Figure 1: A conceptual system model for branch prediction [2].

Most branch predictors employ an implicit information processor, simply extracting some number of bits from GHR, LHR or PC. The novelty of this paper is a new correlation-based information processor, which extracts the information vector from information source adaptively based on the strength of branch correlation. As highlighted in Section 2, a key observation of our approach is that *perceptron weights can be used as a quantitative measure of correlation between a branch and the input information vector.* With such a measure, the information vector can then be re-assembled accordingly to maximize the branch correlation. Additionally, since the adaptation is performed at a coarse grain, e.g., at program phase boundaries or at an interval of a certain number of branches, the adaptation logic is *not* latency critical.

The remainder of the paper is organized as follows. A micro-benchmark is used in Section 2 to illustrate the correlation exploitation and motivate our main ideas. The proposed adaptive information processing schemes are contained in Section 3. Section 4 presents the overall predictor design including the special handling of loop and bias branches to minimize their adverse impact on the perceptron predictor. The experimental results using CBP-1 and SPEC2000 benchmarks are discussed in Section 5. Finally, Section 6 concludes the paper.

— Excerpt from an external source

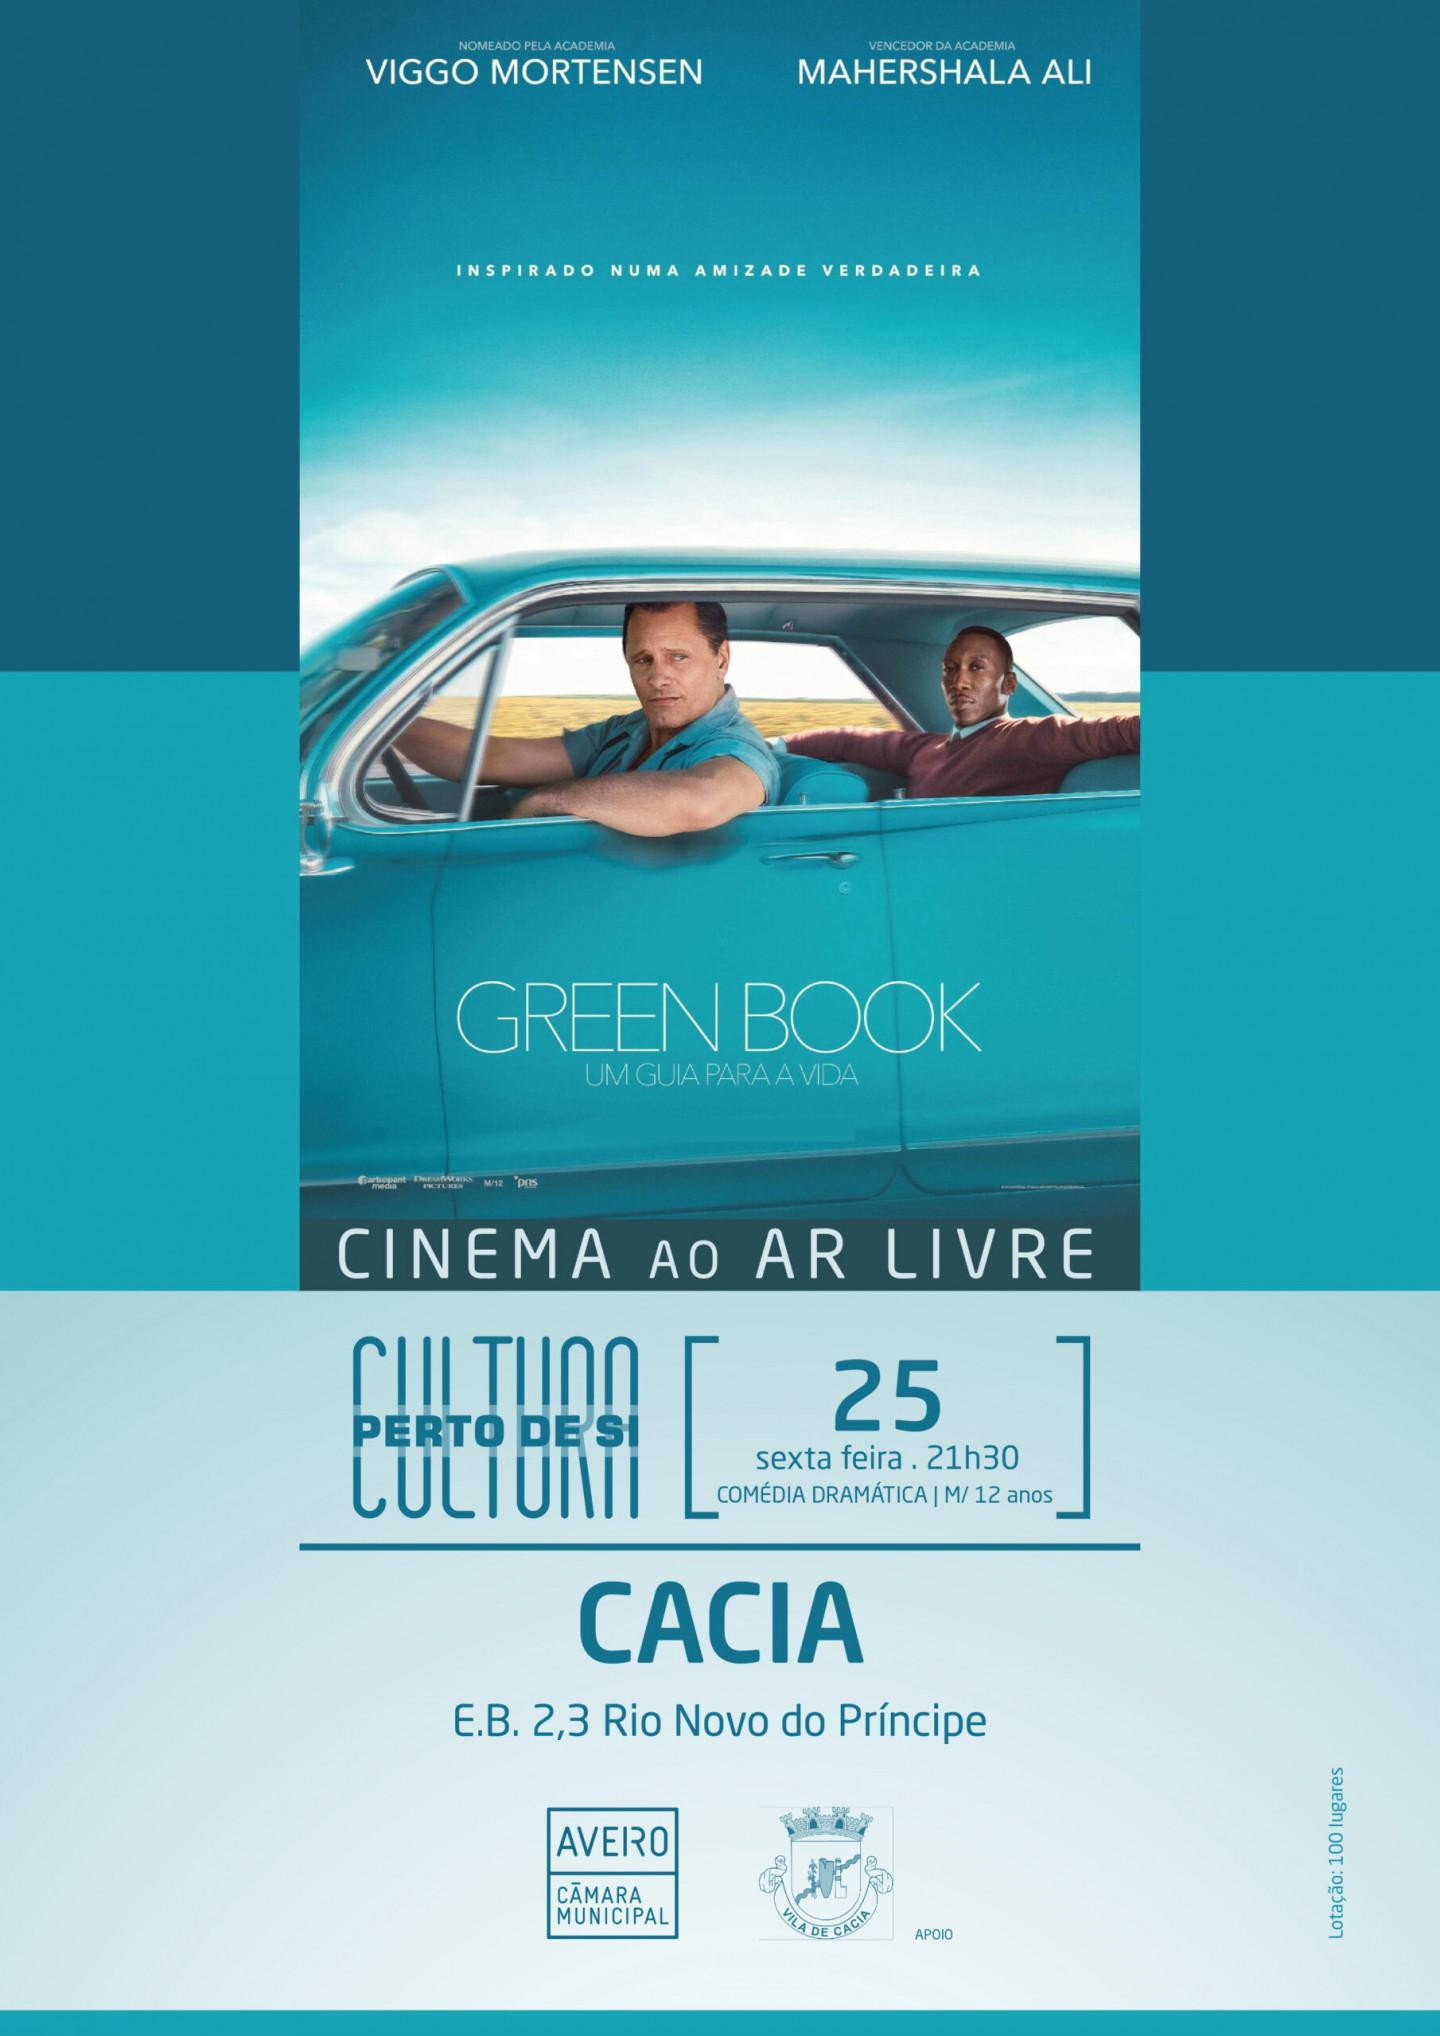 CULTURA_PERTO_DE_SI_STA_CINEMA_CACIA-01

## 2. Exploiting Correlation with Perceptron Branch Predictors

Many branch predictors, including two-level and g-share predictors, achieve high prediction accuracy by exploiting correlation from history information. Perceptron predictors, moreover, have an additional capability to estimate the strength of such correlation, as illustrated from the example shown in Figure 2.

The micro-benchmark in Figure 2 contains four conditional branches (B1, B2, B3, and B4): B1 is determined by two random values, B2 correlates with B1 as both branches share the same random variable r1, B3 is simply the inverse of B1, and B4 correlates with both B2 and B3 using an XOR function. To predict these four branches, a 4-entry perceptron predictor (i.e., each branch has its own perceptron) with 8-bit global branch history (i.e., an 8-bit GHR) [6] is used. After simulating 100M instructions, the perceptron weights (w1-w8) for these branches are reported and the misprediction rates are 50.09%, 25.45%, 0%, and 19.11% respectively for the branches B1-B4 respectively.

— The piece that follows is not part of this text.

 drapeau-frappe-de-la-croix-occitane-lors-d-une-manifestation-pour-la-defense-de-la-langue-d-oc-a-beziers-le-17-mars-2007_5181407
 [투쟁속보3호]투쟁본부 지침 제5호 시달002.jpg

Several important observations can be made from Figure 2. First, perceptron weights embody the correlation information and the absolute values of perceptron weights provide an estimate of the correlation strength. As the branch B1 finds no correlation from previous branch history, it features with small random perceptron weights. The branch B2 correlates to B1. So, its perceptron weights contain a high w1 (i.e., strong correlation with GHR[0]) and small random w2-w8. The branch B3 shares the same condition (inverse) as B1. Therefore, it has a singular large weight, w2 (i.e., strong correlation with GHR[1]). The branch B4, due to its nonlinear correlation with previous branches, has more relatively large perceptron weights.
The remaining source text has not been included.